Enquanto eu devaneava sobre o quão chato uma manhã poderia ser, entrou na sala o

professor José Costelo, meu orientador de pós-graduação. Um homem muito bom que,

sinceramente, supervalorizava meu potencial acadêmico.

— O doutor Medeiros disse que você está muito atrasado com seu trabalho, Arthur. – disse-

me, enquanto eu me recompunha na esperança de que ele não tivesse me visto cochilar sobre

o teclado do computador.

— Não estou tão atrasado assim. Termino essa coisa antes daquele velhote conseguir

outra ereção. – debochei mesmo sabendo que seria repreendido pelo alto senso de moral

característico do doutor Costelo. Mas não foi o que aconteceu.

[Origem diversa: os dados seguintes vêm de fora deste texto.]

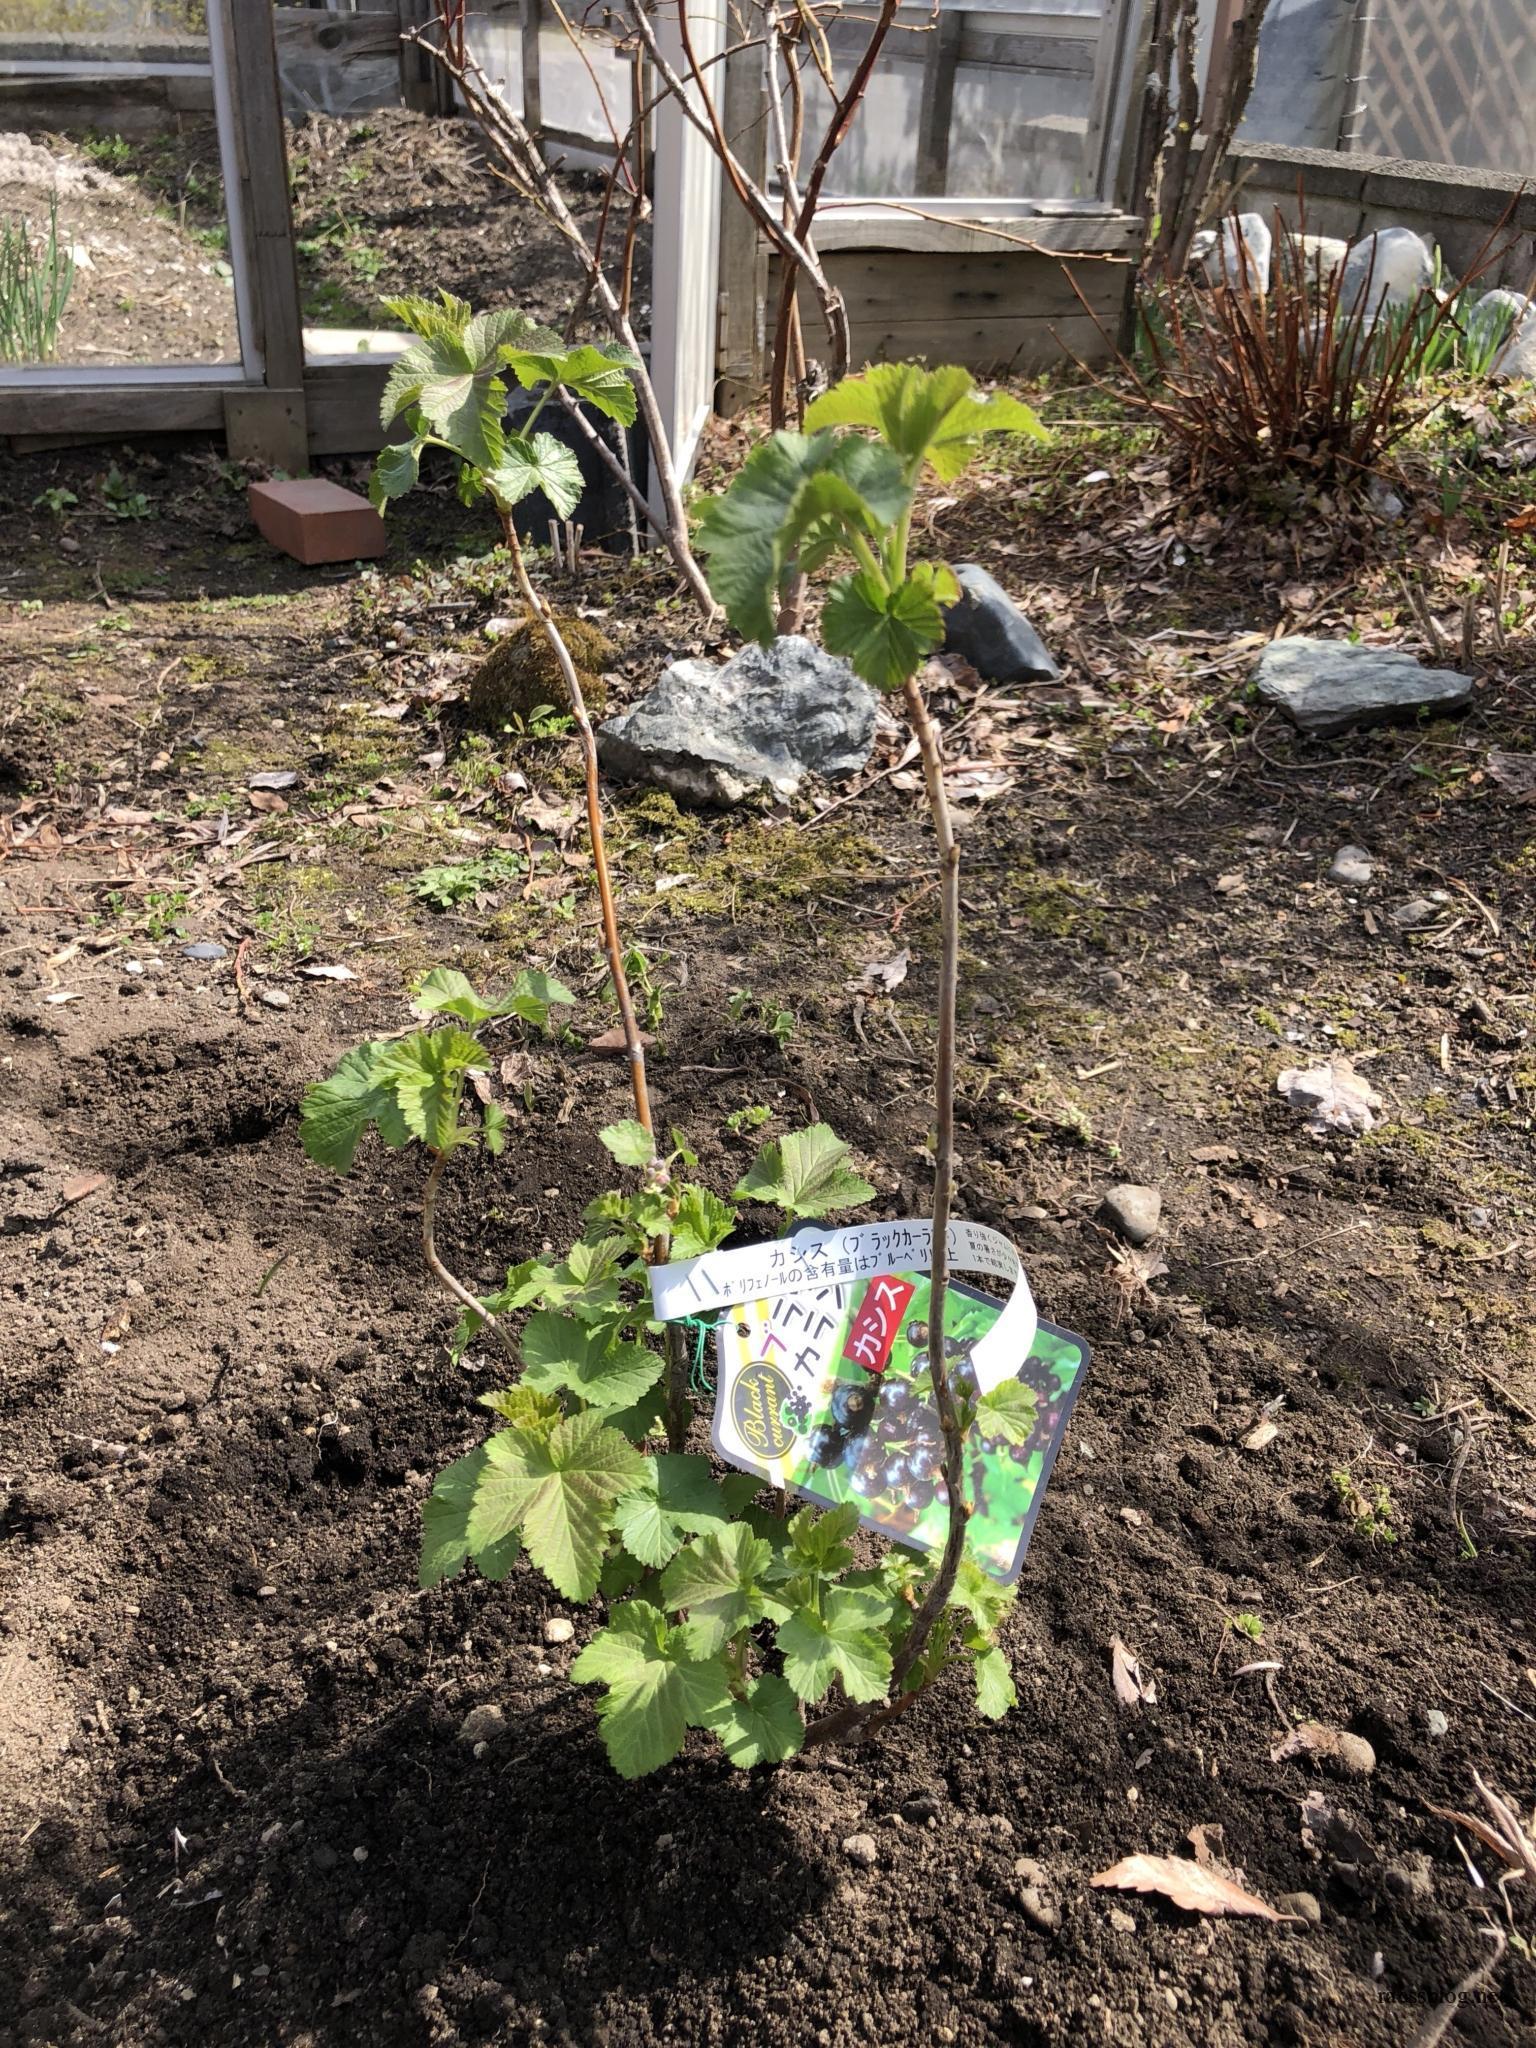 カシス(ブラックカラント)は北海道なら育て方も簡単!地植えしました

— Ele vai lhe dar um prazo. Acredito que seja curto e que você não conseguirá cumprir.

Pela primeira vez em quase dois anos, ouvi algo do doutor Costelo que não era uma

observação brilhante ou uma palavra de incentivo. Estranhei a maneira como não me

olhava nos olhos.

—Está tudo bem, doutor? – perguntei enquanto observava-o lendo atentamente um livro

de capa verde, muito espesso. Por sinal, era uma de suas leituras prediletas nos últimos

dias.

— Sim, claro. – a resposta foi seca. Nitidamente, pretendia encerrar qualquer conversa.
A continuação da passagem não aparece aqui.